Но и бегство не всегда помогает. Некоторые походные армии муравьев растягиваются на сотни метров (даже на километр!) и наступают подобно тысячам «бешеных волков, идущих лавиной». Нелегко вырваться из их окружения, особенно в лесной чаще, где бежать быстро нельзя и не видно, с какой стороны подступают муравьи.

Откуда и куда они идут?

Как видно, они просто не представляют себе жизнь без скитаний, это номады по природе своей. Есть пища или нет ее — они все равно уходят. Идут строем: впереди разведчики, на флангах — солдаты-конвоиры, в конце колонны — матка в окружении пышной свиты рабочих муравьев.
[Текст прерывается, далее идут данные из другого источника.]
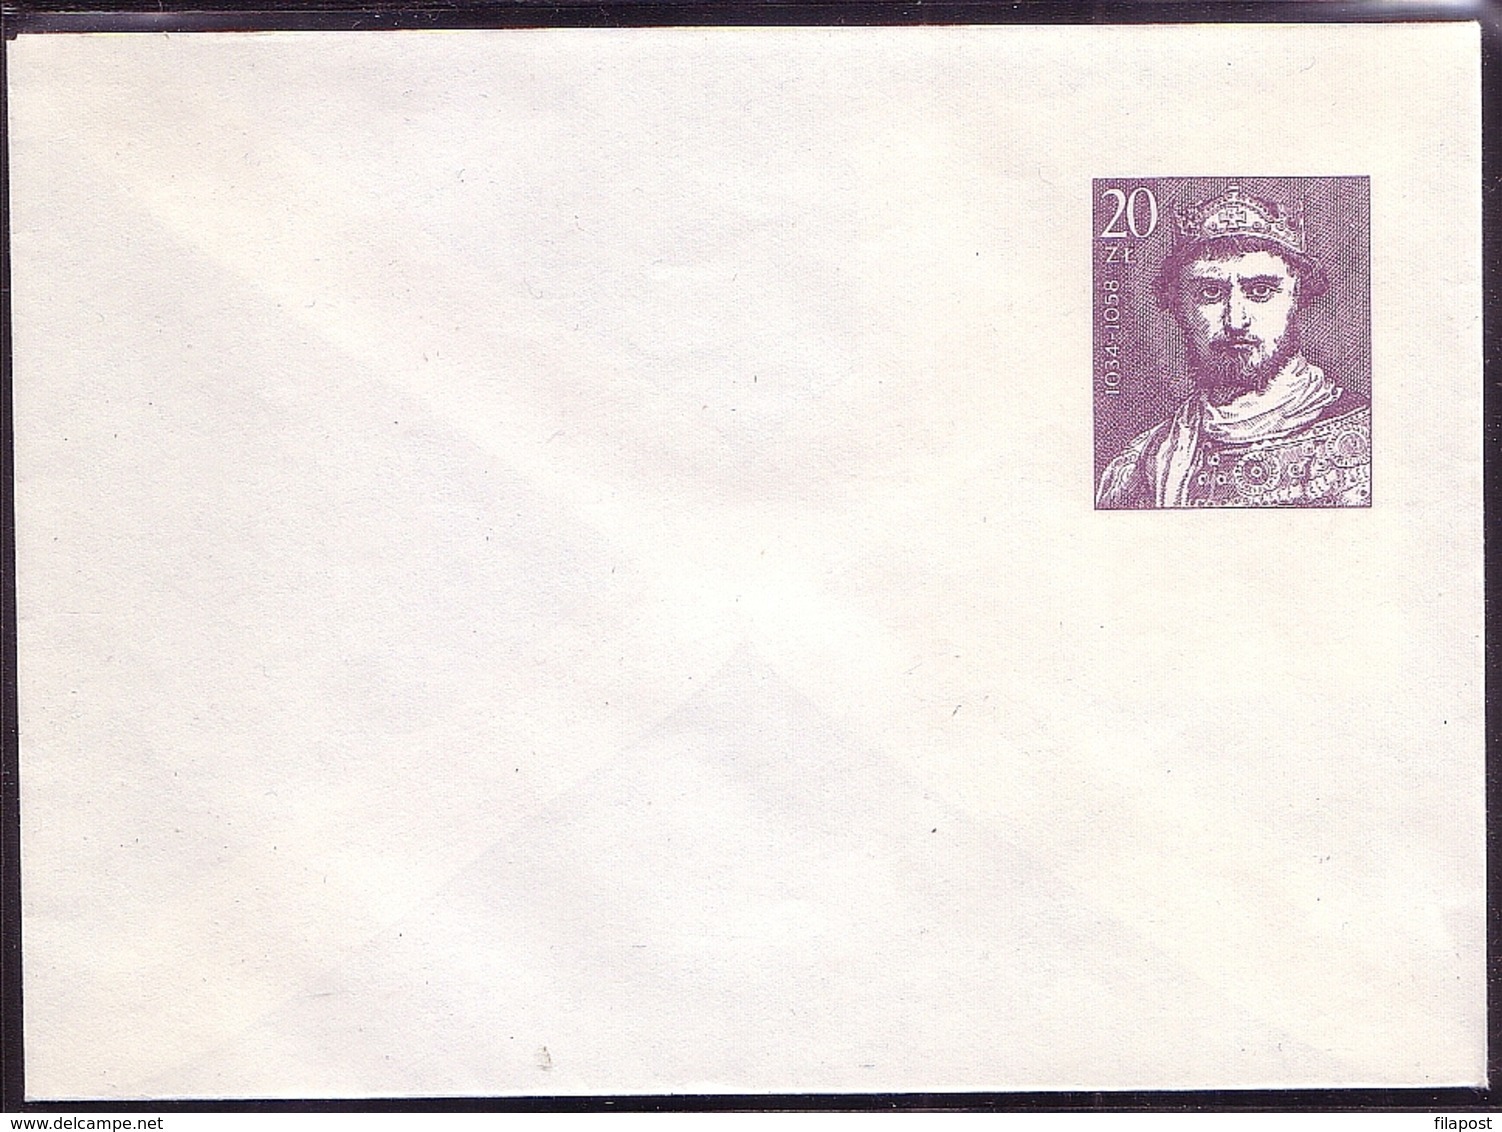 Poland 1988  Fi Ck 85 Error On The Stamp. No Olive Color Mint. King K. Odnowiciel Fotoatest Wysocki PZF - Variétés & Curiosités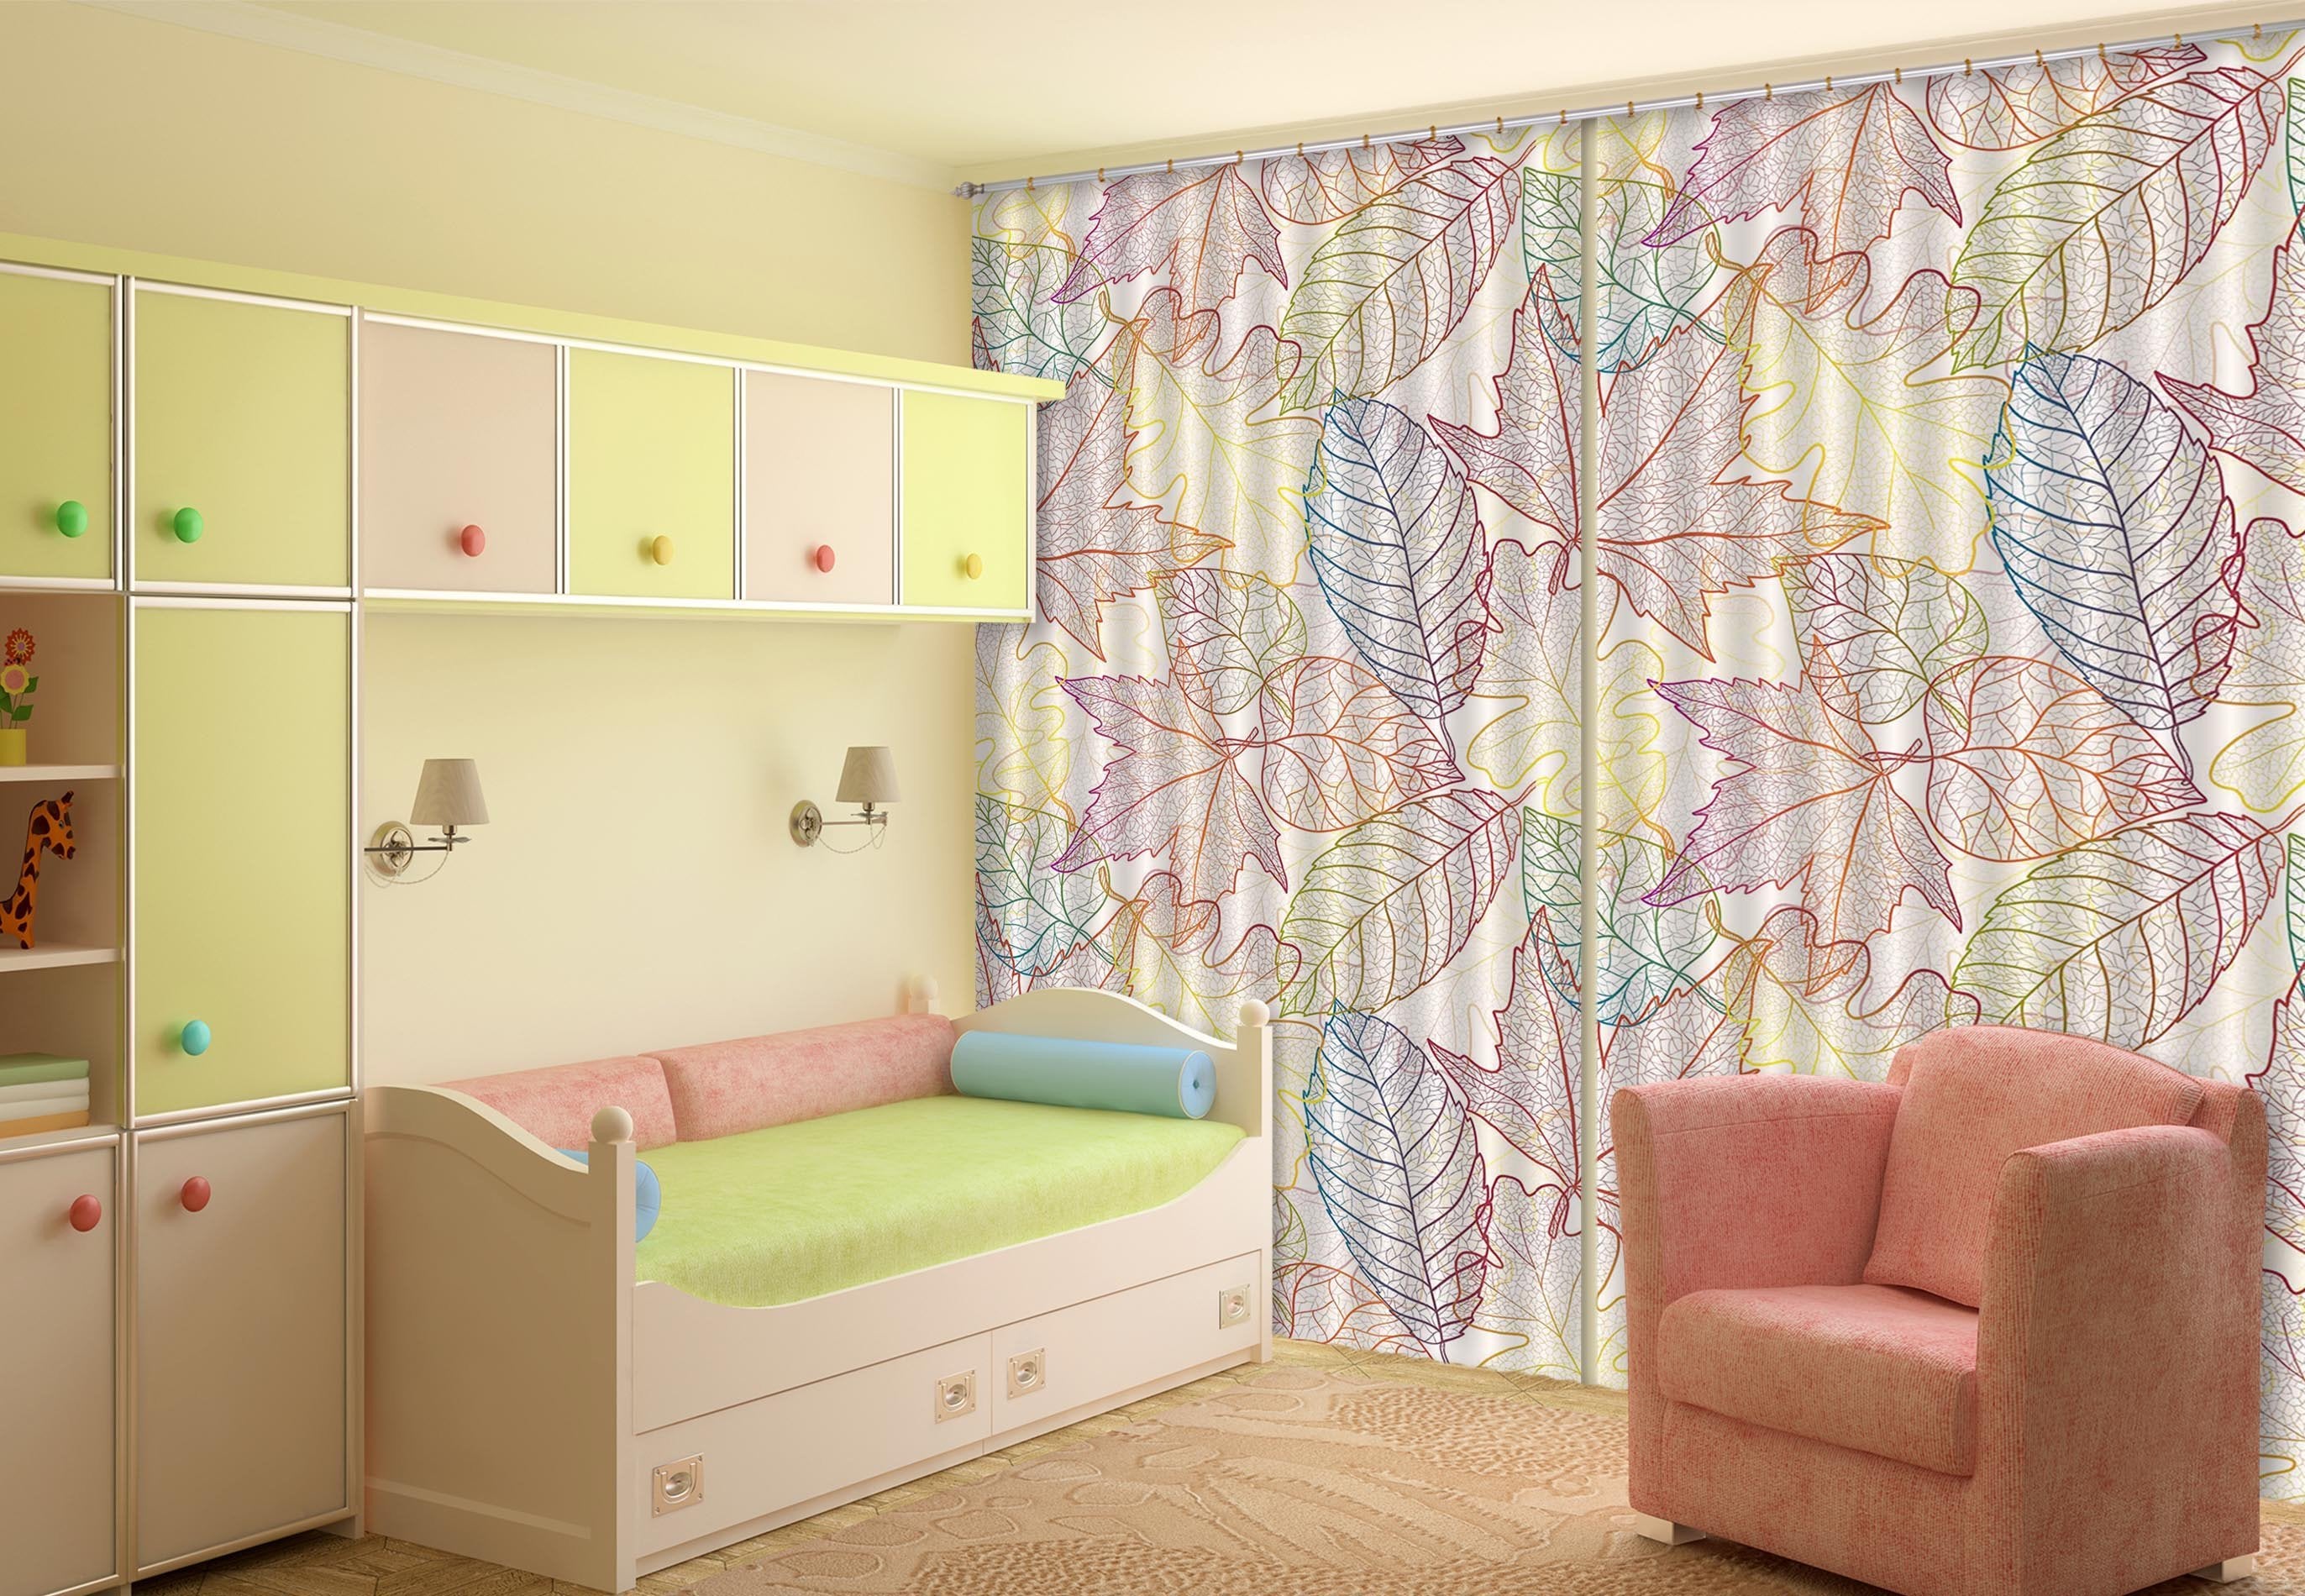 3D Leaves Veins Pattern 657 Curtains Drapes Wallpaper AJ Wallpaper

Муравьи несут с собой и личинок, прикрывая их от солнца своими телами. Несут и все время облизывают. И вот когда слизывать будет уже нечего, когда личинки перестанут выделять какие-то загадочные вещества, столь привлекательные для муравьев-носильщиков, страсть к бродяжничеству покидает эцитонов. Пора, значит, окукливаться личинкам, а для этого нужен полный покой.

Муравьи находят укромное местечко где-нибудь под большим камнем или в дупле гниющего во мху дерева и свиваются здесь клубом, как пчелы. Этот живой шар — их муравейник, походный дом. Он «пористый», весь в дырах. Дыры ведут к центру гнезда, где матка поспешно освобождается от бремени: за несколько дней отдыха успевает отложить тридцать тысяч яиц.

Не все муравьи «изображают» на привале гнездо: часть их рыщет по округе, добывая пищу для всей общины, в которой может быть и полтора миллиона муравьев. Однажды подсчитали, что фуражиры африканских кочевых муравьев за десять дней стоянки притащили в импровизированное гнездо полтора миллиона всевозможных насекомых.

Между тем личинки окукливаются и превращаются в молодых муравьев. Из отложенных на привале яиц выходят новые личинки и тут же начинают выделять вещества, побуждающие эцитонов отправиться в поход.

Как только это случится, клубок рассыпается, и муравьи, построившись походным порядком, отправляются в путь. (Некоторые виды американских бродячих муравьев кочуют 18–19 суток без перерыва, а затем дней на 19–20 располагаются лагерем, и т. д.)